1027
Catalytically Graphitized Nanostructured Carbon Xerogels as High Performance Anode Material for Lithium Ion Battery

Sunday, 13 May 2018: 11:00
Room 205 (Washington State Convention Center)
M. Gaikwad, M. Kakunuri, and C. S. Sharma (Indian Institute of Technology Hyderabad)
Carbon materials are most widely used anode materials for Lithium ion battery since their introduction in 1991. Among various types of carbonaceous materials, graphite is still being used widely as anode material in commercial Lithium ion batteries because of its reasonable capacity and good cyclic efficiency. The problem with long term availability and less purity of macro crystalline natural graphite which is more suitable for battery application led researchers to look into preparation of synthetic graphite, basically prepared by carbonizing various graphitizing carbons like petroleum coke, pitch coke etc..

Various other forms of carbons and their composites have been tested for Li ion intercalation. Though they have higher capacity, their poor cyclability and higher irreversible capacity, higher reduction potential restrict them as commercial Li ion battery anode. Other than carbon materials, Ti, Si and Sn based alloys and oxides have been reported in recent years with 3 to 5 times increase in their intercalation capacity compared to graphite but capacity fade is high due to pulverization.

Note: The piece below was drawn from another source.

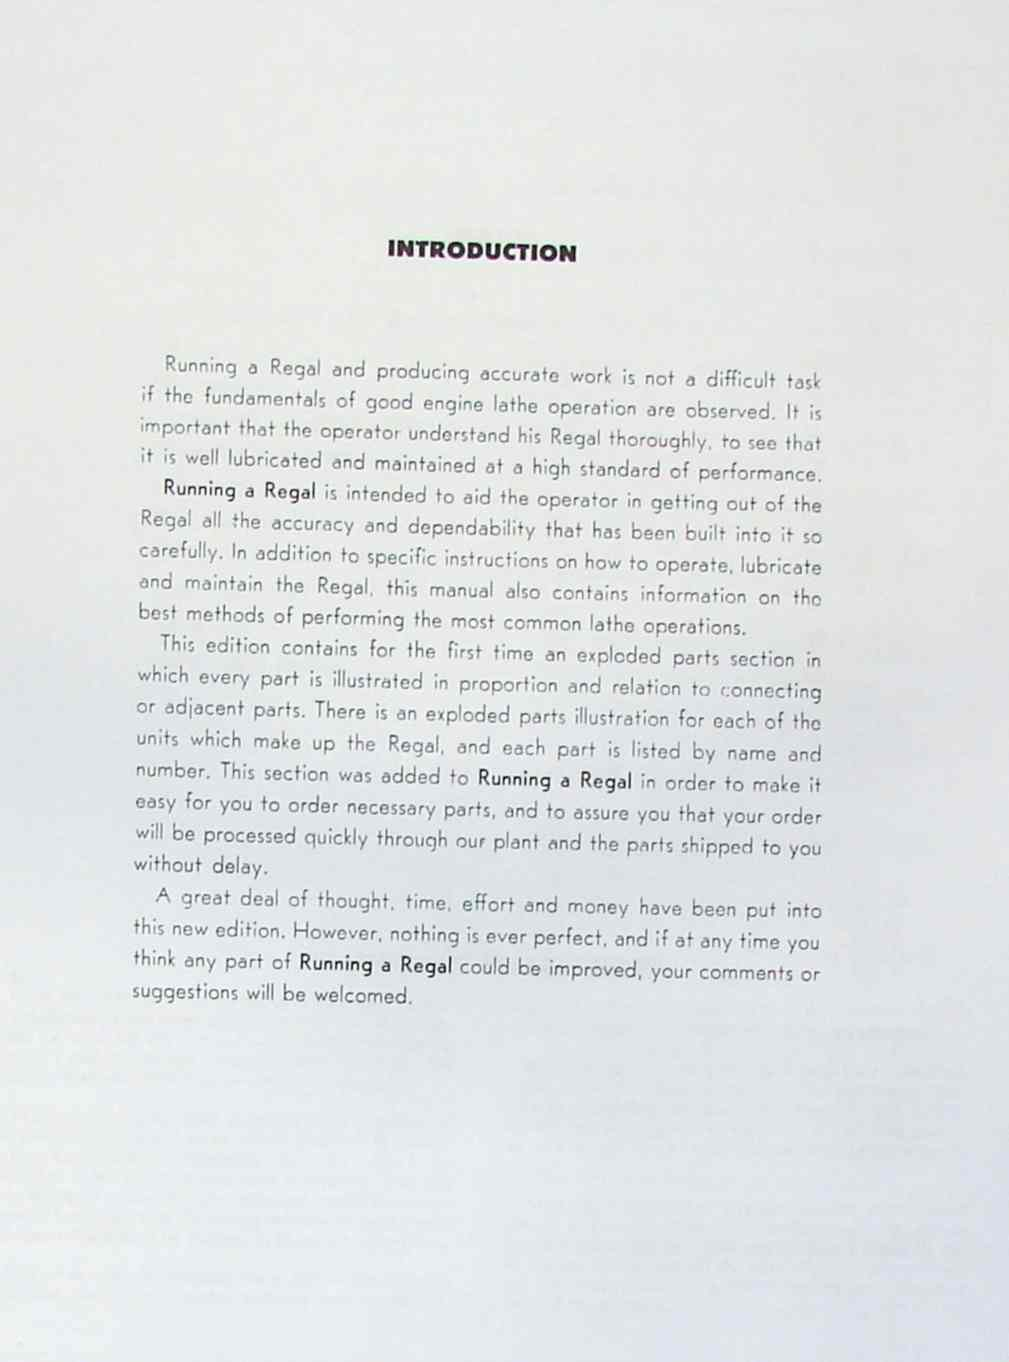 manual of lathe operation pdf

In this presentation, we will present the ways to capitalize the higher capacity of hard (non graphitizing) carbons but at the same time minimizing the irreversible capacity losses and thus maximizing the energy density by catalytic graphitizing them at much lower temperature (< 1800 0C) than as usual graphitization temperature (2800-30000C). Although it is reported that control of internal nanostructure is difficult during catalytic graphitization of various organic precursors, some of the recent studies show that for organic aerogels, one can tune porosity by controlling synthesis and processing conditions during the catalytic graphitization. However although highly porous aerogels shows higher initial capacity due to adsorption of lithium ions inside the pores but also have larger irreversible capacity due to increased overall resistance (impedance) by increased double layer capacitance of the active electrode material.

In this work, we shall present preparation of RF xerogel derived graphitic carbon with controlled porosity and thus specific surface area by catalytic graphitization in which metal nanoparticles as additive will be mixed with RF sol. During graphitization, these embedded metal additives react with carbon and forms metal carbide before decomposing to form graphite which will act as nuclei for further graphitization. Intercalation capacity of carbon xerogels have been earlier reported as 145 mAh/g however catalytic graphitization of these xerogels not only enhances it significantly but also increase the electrical conductivity by ordering of graphite layers in disordered carbon xerogels, which are the important characteristics of good electrode material. Thus, these nanoporous graphitic carbon behaves as an excellent anode material because of their minimal double layer capacitance compared to aerogels and good inlayer conductivity because of graphitization.